И завтра пришло, и отец Лаврентий прочел баронессе следующее письмо от ее сына.
«Дражайшая матушка, поспешаю уведомить тебя, что я благополучно прибыл в Липецк. Я здоров и доволен, сколько может быть доволен сын, удаленный от матери, которую нежно любит. Не пеняй на мечтателя, что он покинул тебя: любовь к науке и ближним и вместе возможность быть тебе полезным решили меня на такое дело. Ты сама благословила меня на него, добрая, милая матушка!
В Липецке ожидал уж нас посол русский: он не обманул меня и доставил мне на первый раз значительную сумму, которую получишь с Якубом. Только для тебя дорожу деньгами: ими могу успокоить твою старость. Милости короля московитского, которыми посол обнадеживает, дадут мне средства и впредь быть тебе полезным.
С каким удовольствием услышал я первые звуки языка московского, или, как называют иначе, русского, еще с большим удовольствием, когда узнал, что он нашему языку родной! Кое-что и теперь понимаю из разговора посла, с которым еду. Жалею, что я по-чешски не знаю более. Надеюсь, по приезде в Москву, скоро выучиться говорить по-русски: это заставит моих новых знакомцев скорей полюбить меня; а я уж и теперь люблю их как единоплеменников.
О чем Якубек тебя попросит, сделай это для меня и для него.
Дорожа твоим родительским благословением выше всего, отправляюсь с ним в дальнейший путь: оно вместе с тобою тут, у сердца моего. Целую сто раз твои руки, твой послушный сын
Антон Эренштейн».
Отец Лаврентий несколько раз вынужден был перечитывать письмо; всякий раз было оно орошено слезами и спрятано у сердца матери.
Первые дни разлуки были для нее убийственны. Везде бродила она по следам милого сына, воображая где-нибудь его встретить. Вещи, им оставленные, перебирала с каким-то благоговением.

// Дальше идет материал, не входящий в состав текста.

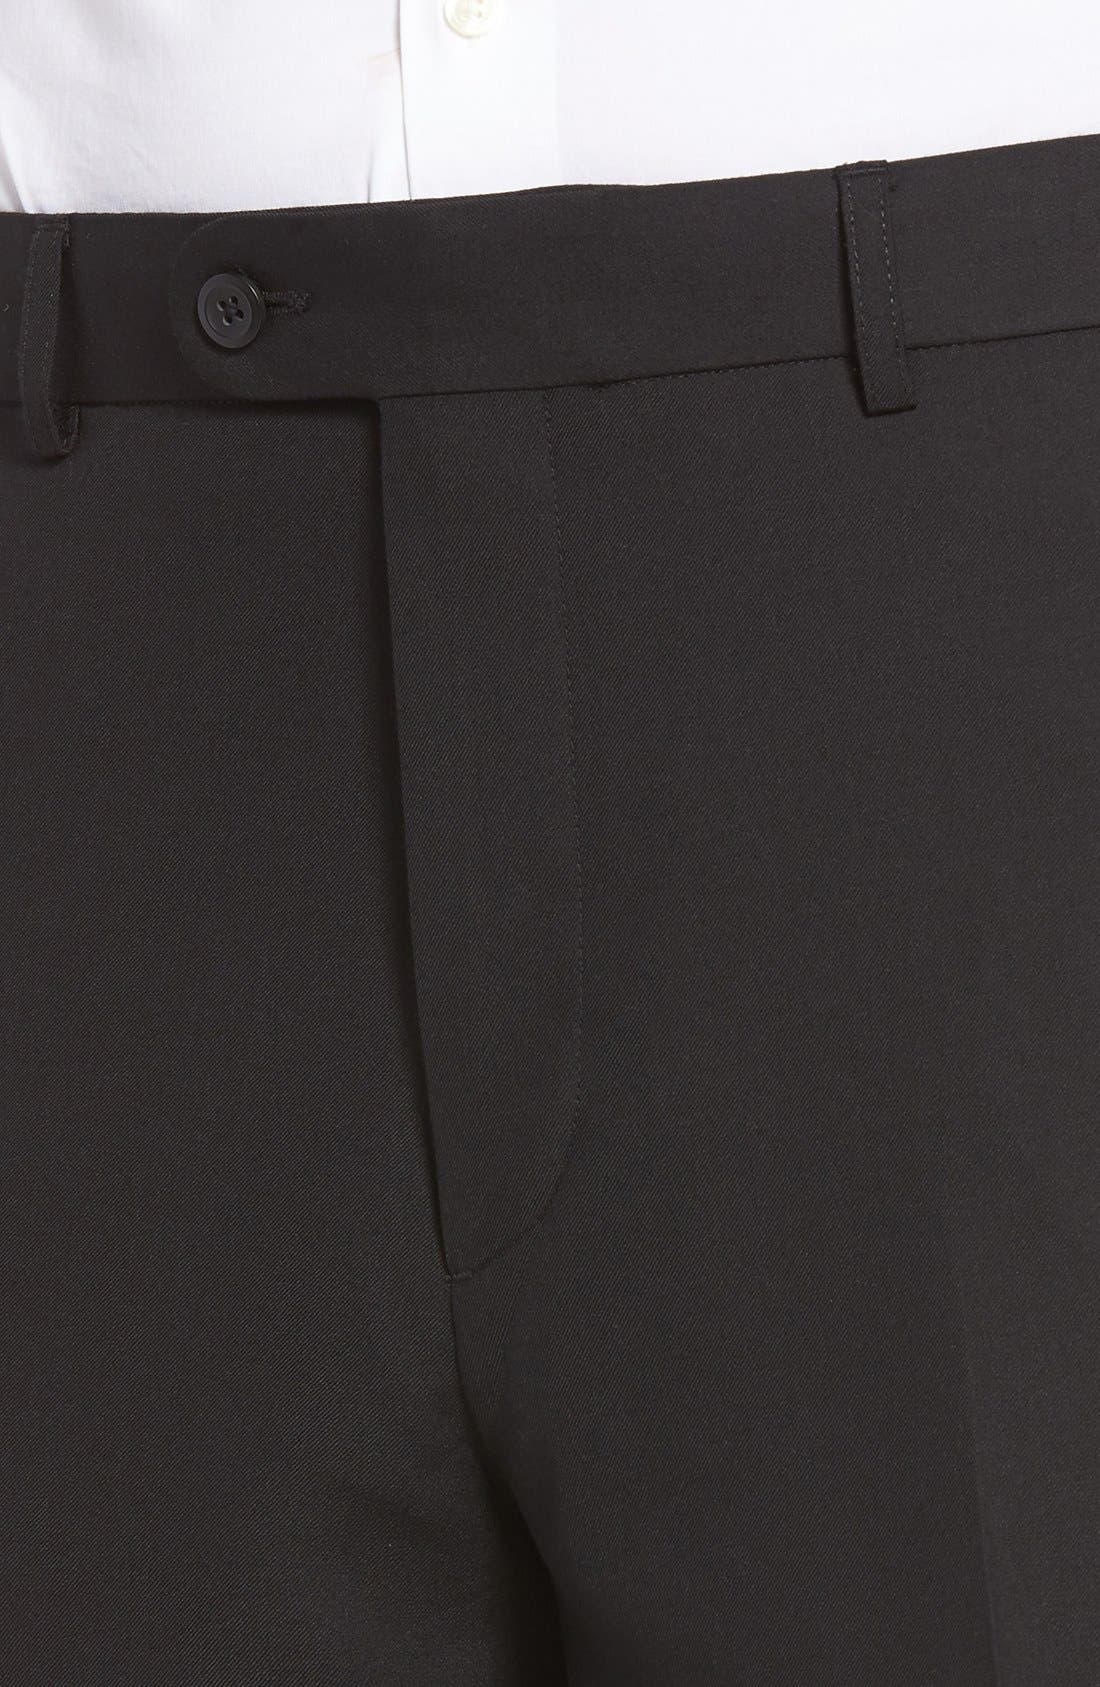 'Travel Genius - Hawk' Flat Front Pants,                             Alternate thumbnail 4, color,                             001

Запрещено было садиться на стул, на котором Антон обыкновенно сиживал во время стола, или сдвигать его с места. Этого не позволяли даже отцу Лаврентию. Цветок, сорванный Антоном в последний день его отъезда, вложен, как святыня, в лист рукописной Библии, на котором он остановил свое чтение. И в комнате его все осталось в том виде, в каком было при нем. Часто старушка мать ходила в нее тайком и плакала, сидя на кровати милого странника. Ни одной жалобы к небу, ни одного упрека; только молитвами об его здоровье и благополучии денно и нощно провожала его.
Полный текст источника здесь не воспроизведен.